Aging well involves positive outlook, S.F. panelists say

Preventive maintenance and community involvement are key to avoiding many of the problems faced in aging.

So said panelists at a symposium titled "Honoring Our Aging Parents," held earlier this year at Congregation Emanu-El in San Francisco.

"The people who make it are the people who do so because they make adjustments as they get older, but recognize that our souls remain young," said Rabbi Eric Weiss of the Bay Area Jewish Healing Center in San Francisco and one of three panelists.

Dr. Jay Luxenberg, a specialist in geriatrics and chief of medical services at the Jewish Home in San Francisco, concurred. The answer to preventing long-term and possibly dangerous problems lies in staying active and connected with the world, but also recognizing inescapable limitations.

"As you get older, the chances of crashing that car get higher," Luxenberg said. "It would depress anyone to lose that car, that independence. The best thing [younger people] can do is help them change their mindset with age, while encouraging them to stay active. That will help them keep that independence."

The panel discussion, which drew a multigenerational audience of more than 100, focused on issues such as taking care of parents with debilitating diseases and parents who are unable to live unassisted anymore.

Participants agreed that keeping active is important, but when health problems make it too difficult to do so, Luxenberg said, it is important to consider the types of assisted-living programs that are available for the elderly.

"The fact is, no one wants to live in a nursing home unless they need it. But there is a spectrum of various other services that are available for people today."

The problem, he warned, is that unless people have some sort of insurance to cover these expenses, older adults or their children can end up paying for most of these costly services out-of-pocket.

"My advice for staying happy is to stay healthy and be rich," Luxenberg quipped. "If you're not, options are limited. California has minimal house care and nursing home space."

Panelists also looked at some of the grimmer statistics about aging: Once every 83 minutes, an older adult commits suicide. National statistics show that people 65 years of age and older are at incredible risk for severe depression due to health problems, isolation and loneliness, which can — and does — lead to such drastic measures as taking one's life.

But there is good news as well.

The Jewish community of San Francisco is one of the best places in which aging parents can live, suggested panelist Patrick Arbore, director of the Center For Elderly Suicide Prevention and Grief Related Services at the Goldman Institute on Aging.

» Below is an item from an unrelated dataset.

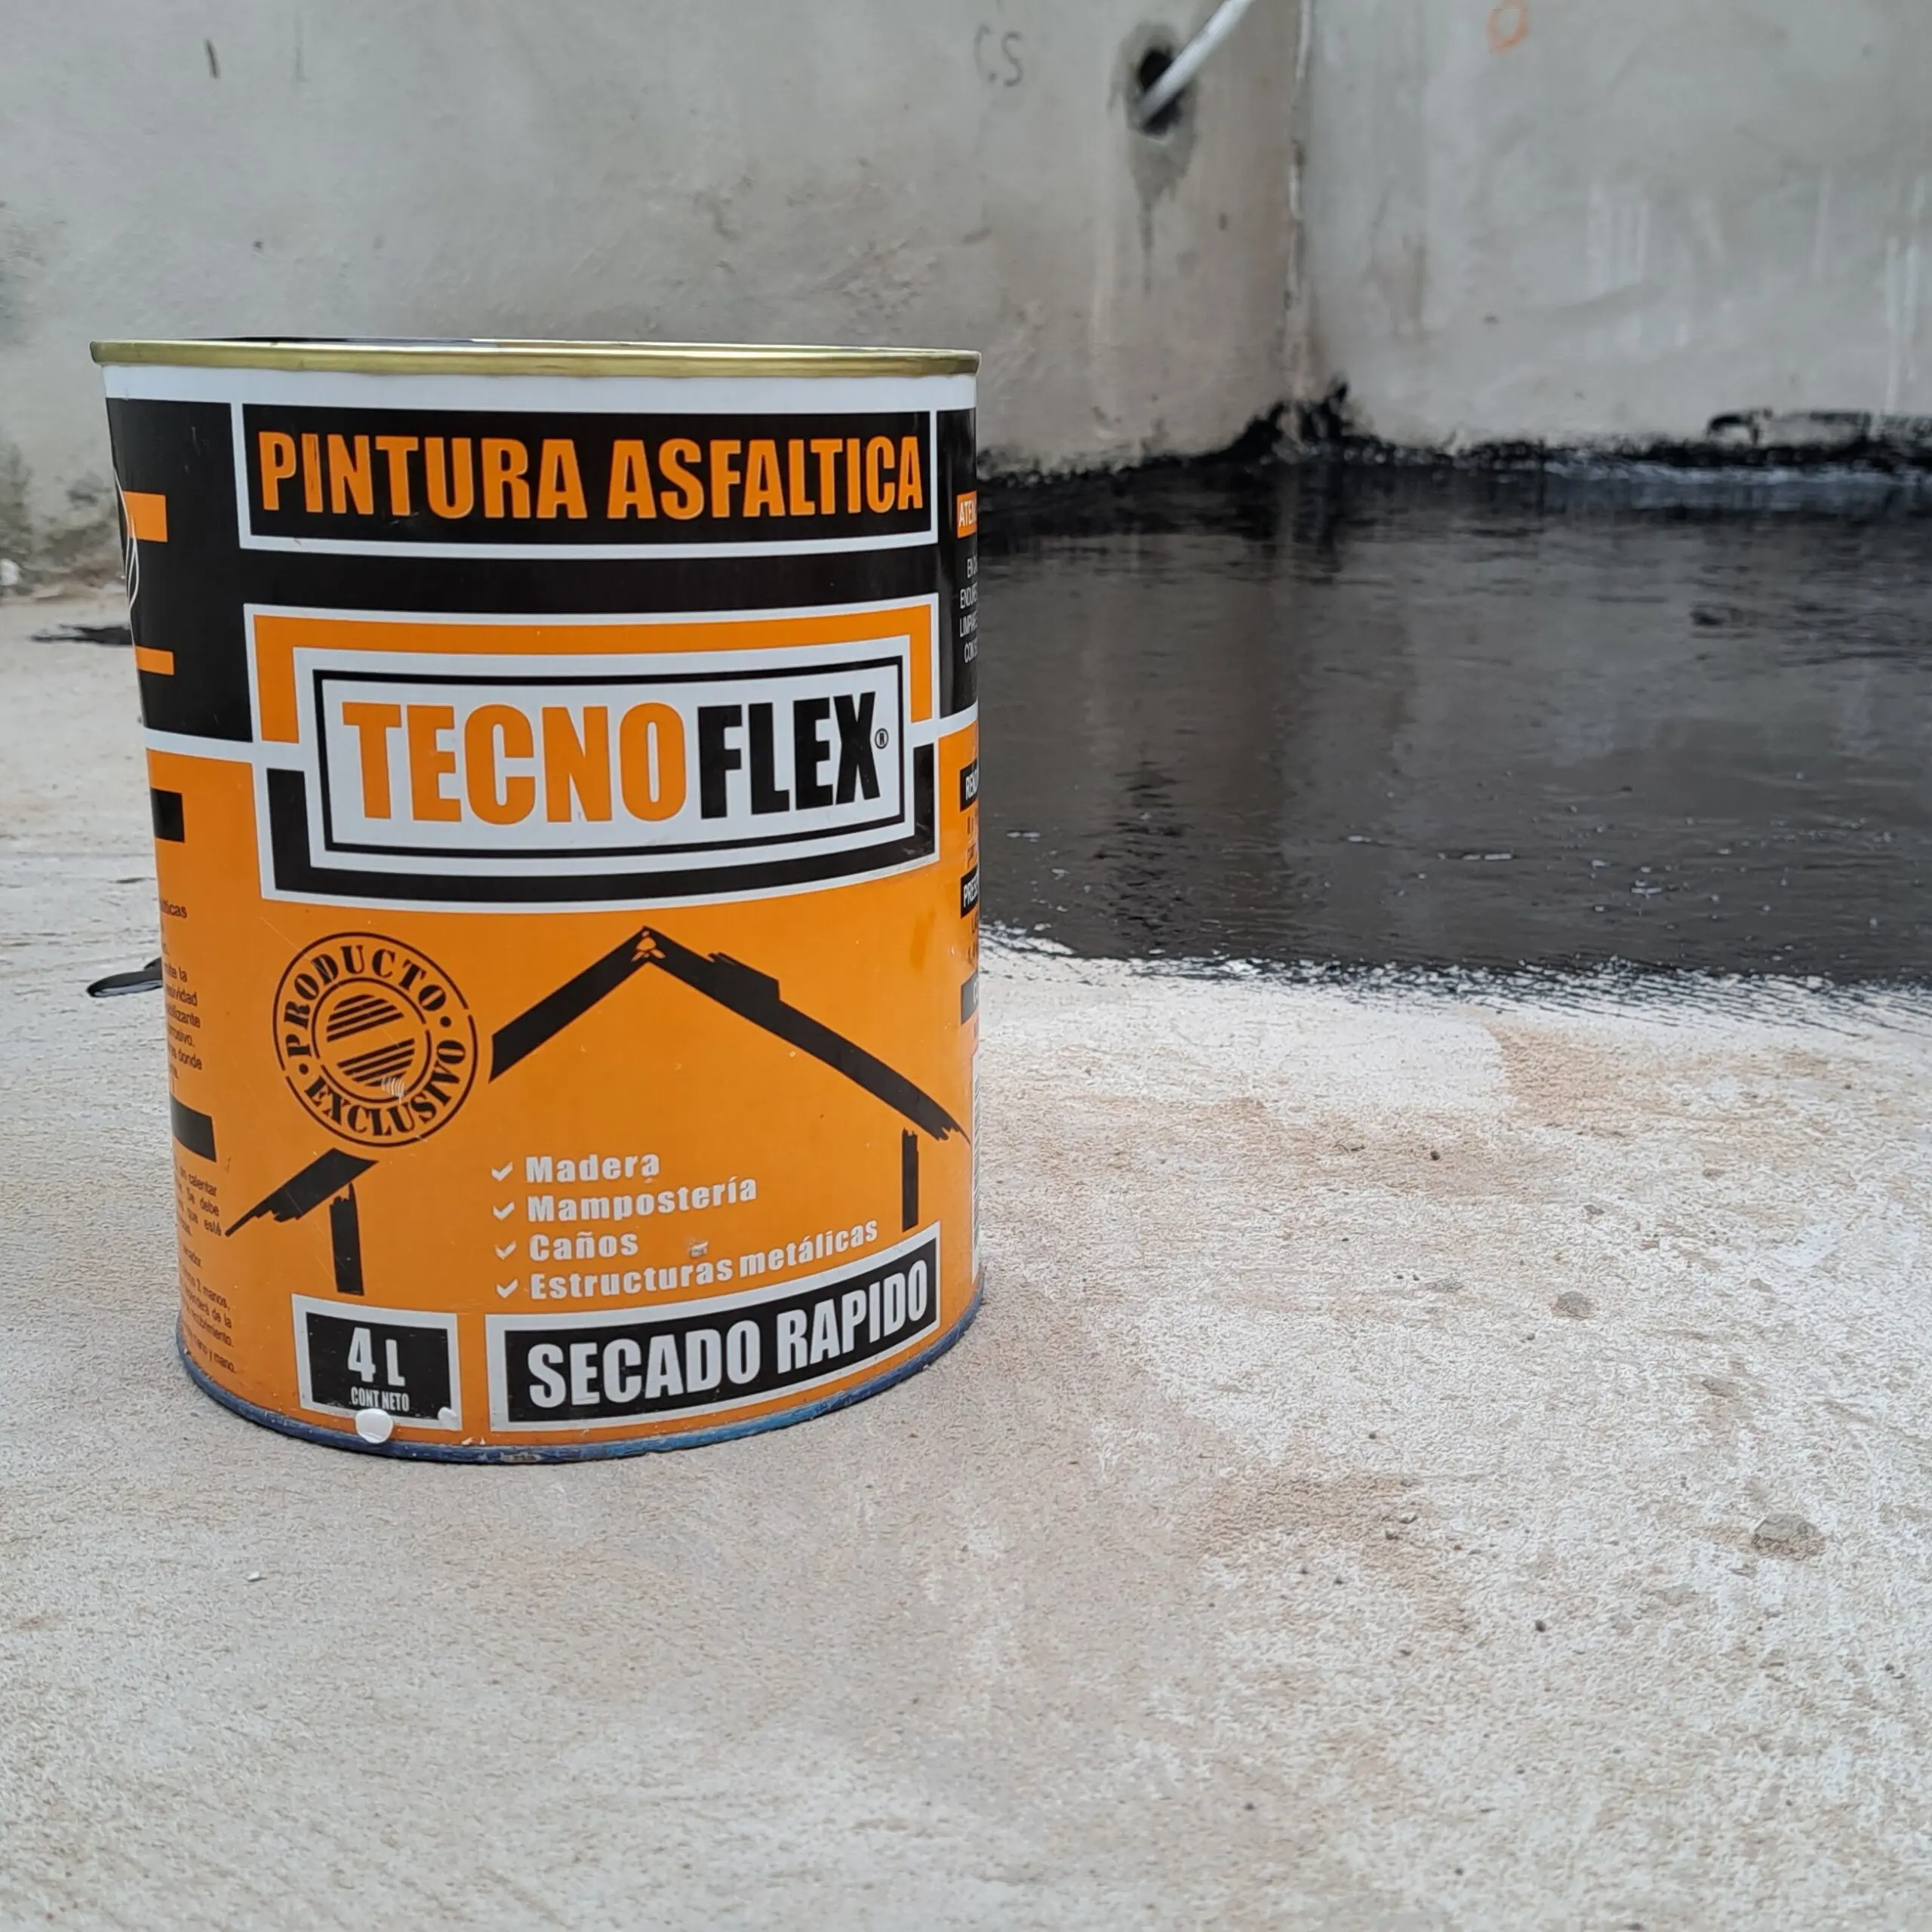 poliestireno y pintura asfaltica - Cuánto dura la pintura asfaltica
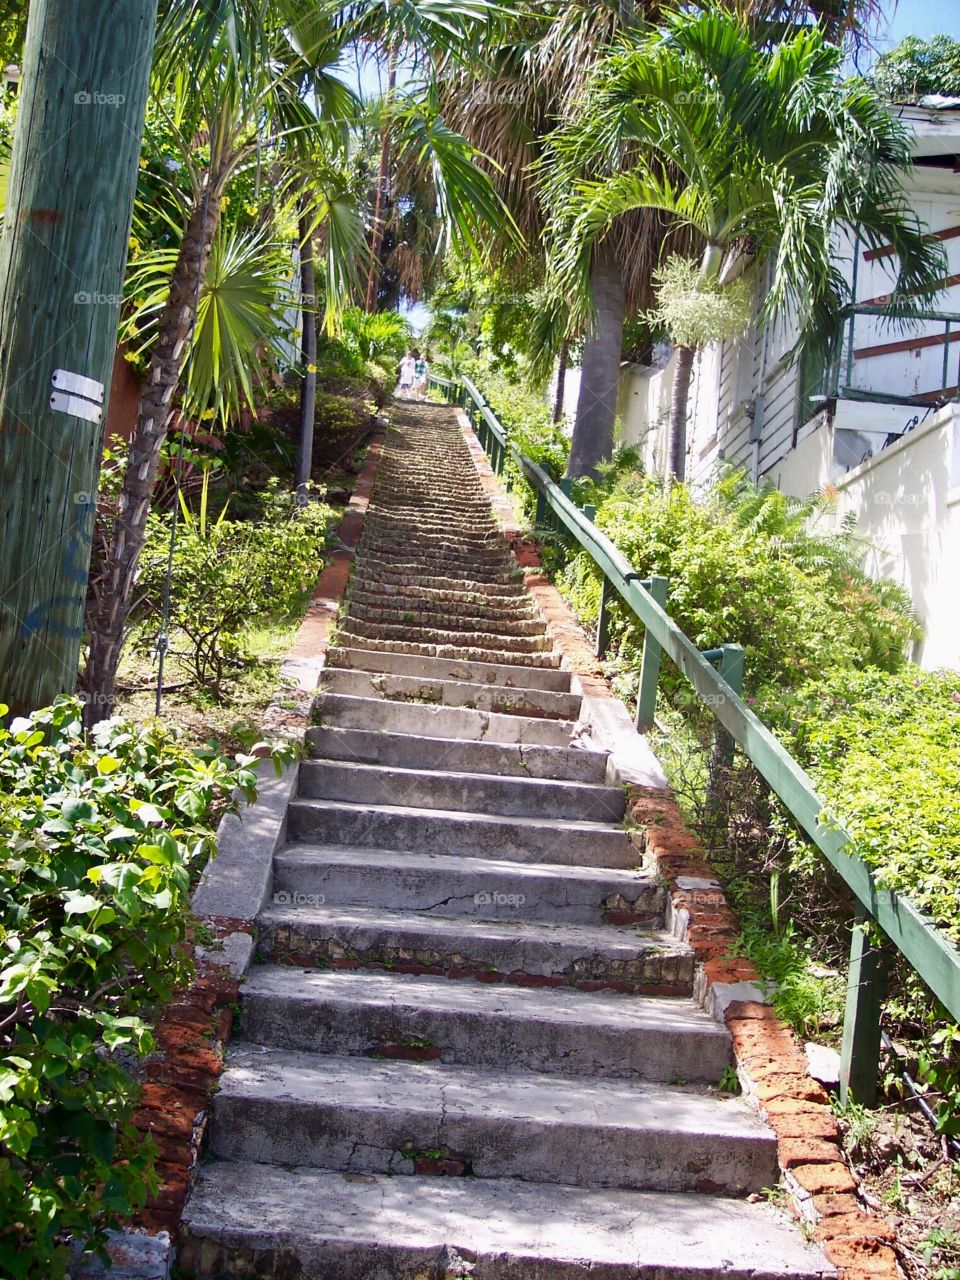 Stairs at St. Thomas

"The Jewish community has such a sense of belonging in San Francisco," he said. "It helps lower the suicide rate. It shows that it doesn't have to happen."

Arbore, who has spent more than 30 years working in the field of elderly suicide prevention, was one of three panelists at the San Francisco symposium.

"It's said that the worst thing in the world is to be old; the next worst thing is to be old and ill; and the next worst thing is to be old and ill and poor," said Arbore. "That's why it's so important that [older adults] know they can turn to their families. It's one of the more important links to healing depression."

When assisted-living appears to be the best option for aging adults, however, it is very important for children to listen to their parents to discern what they want in a home environment, panelists agreed. What parents want, they stressed, is often quite different than what their children have in mind.

"We'll want the Internet, for instance. Our parents don't want that. It's so important to ask them what they want," said Luxenberg.